In most clinical trials in renal cell carcinoma (RCC), clear cell RCC have been included exclusively. There are only some limited data on the efficacy of Temsirolimus or Sunitinib in ncc-RCC showing interesting response rates for both agents. However, randomized clinical trials in this specific patient population have not yet been performed.

In the proposed study a comparison Temsirolimus and Sunitinib is scheduled in first line therapy of ncc-RCC.

Study Overview

• Status: Completed
• Conditions: Non-clear Cell Renal Cell Cancer
• Intervention / Treatment: Drug: Temsirolimus; Drug: Sunitinib

• Study Type: Interventional
• Enrollment (Actual): 22
• Phase: Phase 2

Contacts and Locations

Study Locations

• Germany
  • Berlin, Germany
    • Vivantes Klinikum Am Urban
  • Berlin, Germany
    • Charité - Campus Virchow Klinikum
  • Berlin, Germany
    • Charité - Mitte
  • Bonn, Germany
    • Evangelische Kliniken Bonn gGmbH - Johanniter-Krankenhaus
  • Düsseldorf, Germany
    • Universitatsklinikum Dusseldorf
  • Essen, Germany
    • Universitätsklinikum Essen
  • Frankfurt, Germany
    • Klinikum der J.W. Goethe Universität
  • Halle, Germany
    • Martin-Luther-Universität Halle-Wittenberg
  • Jena, Germany
    • Universitätskrankenhaus Jena
  • Lübeck, Germany
    • UK-SH Campus Lübeck
  • Oldenburg, Germany
    • Klinikum Oldenburg gGmbH
  • Stuttgart, Germany
    • Klinikum Stuttgart, Katharinenhospital
  • Viersen, Germany
    • Facharzt für Innere Medizin,
  • Weiden, Germany
    • Kliniken Nordoberpfalz AG - Klinikum Weiden

Participation Criteria

Eligibility Criteria

• Ages Eligible for Study: 18 years and older (Adult, Older Adult)
• Accepts Healthy Volunteers: No
• Genders Eligible for Study: All

Description

Inclusion Criteria:

1. Adult males and females: ≥18 years of age.
2. Locally advanced or metastatic, histological confirmed, non-clear cell RCC of all subtypes.
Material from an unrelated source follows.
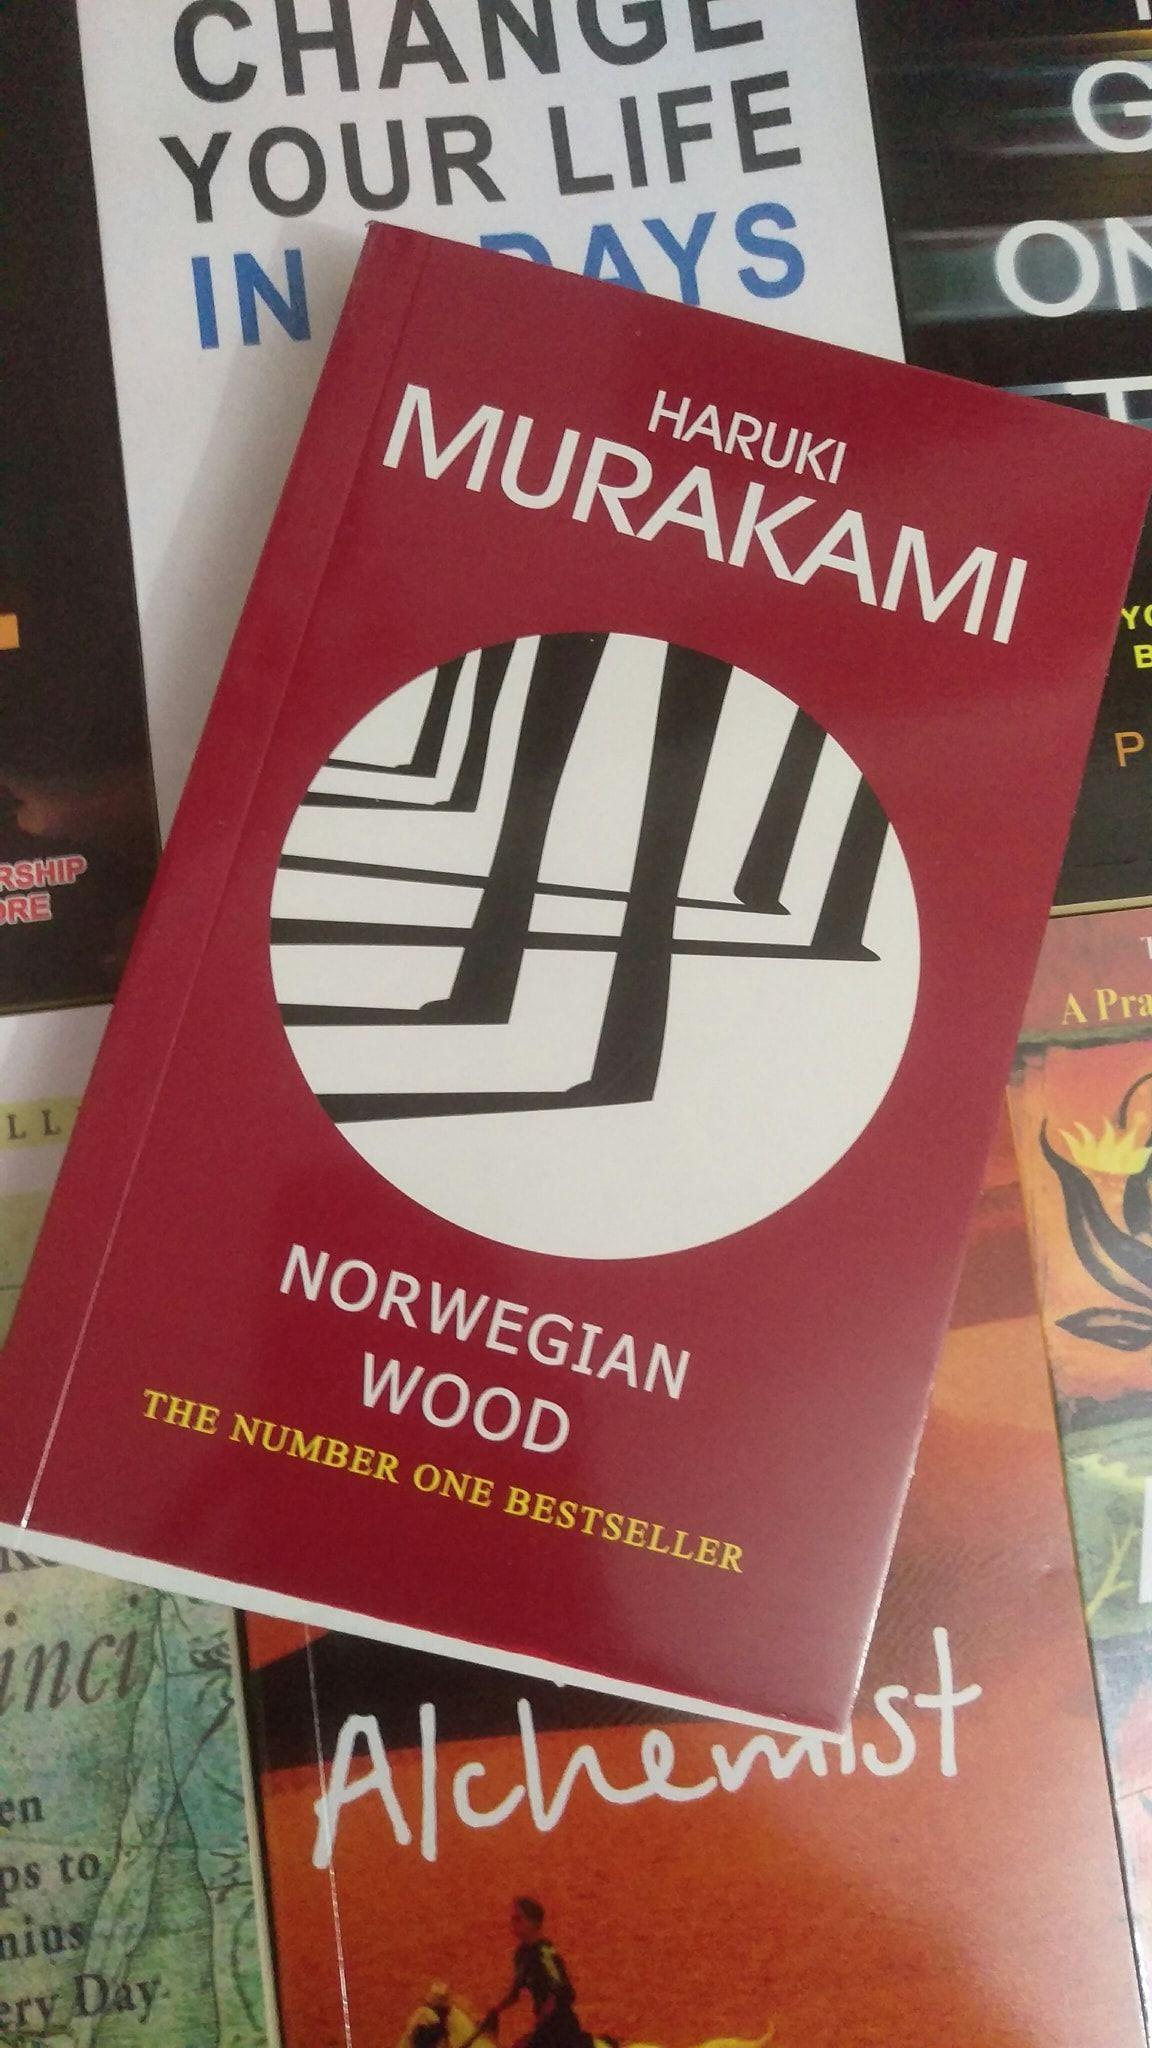 Norwegian Wood by Haruki Mukarami

Patients must have advanced non-clear cell of one of the following subtypes: papillary, chromophobe, collecting duct carcinoma (CDC), renal medullary carcinoma (RMC), or unclassified.
3. Patients with measurable disease (at least one uni-dimensionally measurable target lesion by CT-scan or MRI) according to Response Evaluation Criteria in Solid Tumors (RECIST 1.1) If prior palliative radiotherapy to metastatic lesions: ≥ 1 measurable lesion that has not been irradiated.
4. PS 0-2 ECOG
5. Signed written informed consent.
6. White blood cell count (WBC) ≥4x10*9/L with neutrophils ≥1.5 x 10*9/L, platelet count ≥100x10*9/L, hemoglobin ≥9 g/dL.]
7. Total bilirubin <2 x upper limit of normal.
8. AST and ALT <2.5 x upper limit of normal, or <5 x upper limit of normal in case of liver metastases.
9. Serum creatinine <2.0 x upper limit of normal.
10. Normal ECG without QT prolongation (QTc < 450msec).
11. Adequate cardiac function (left ventricular ejection fraction > 40% as assessed by ECHO.

Exclusion Criteria:

1. Predominant clear-cell RCC
2. Resectability or other curative options
3. Any investigational drug within the 30 days before inclusion.
4. Prior systemic treatment for their RCC.
5. Known or suspected allergy or hypersensitivity reaction to any of the components of study treatments.
6. Radiotherapy within the last 4 weeks.
7. Pregnancy (absence to be confirmed by beta-hCG test) or lactation period.
8. Men or women of child-bearing potential who are sexually active and unwilling to use a medically acceptable method of contraception during the trial.
9. Clinically symptomatic brain or meningeal metastasis. (known or suspected)
10. Cardiac arrhythmias requiring anti-arrhythmics (excluding beta blockers or digoxin).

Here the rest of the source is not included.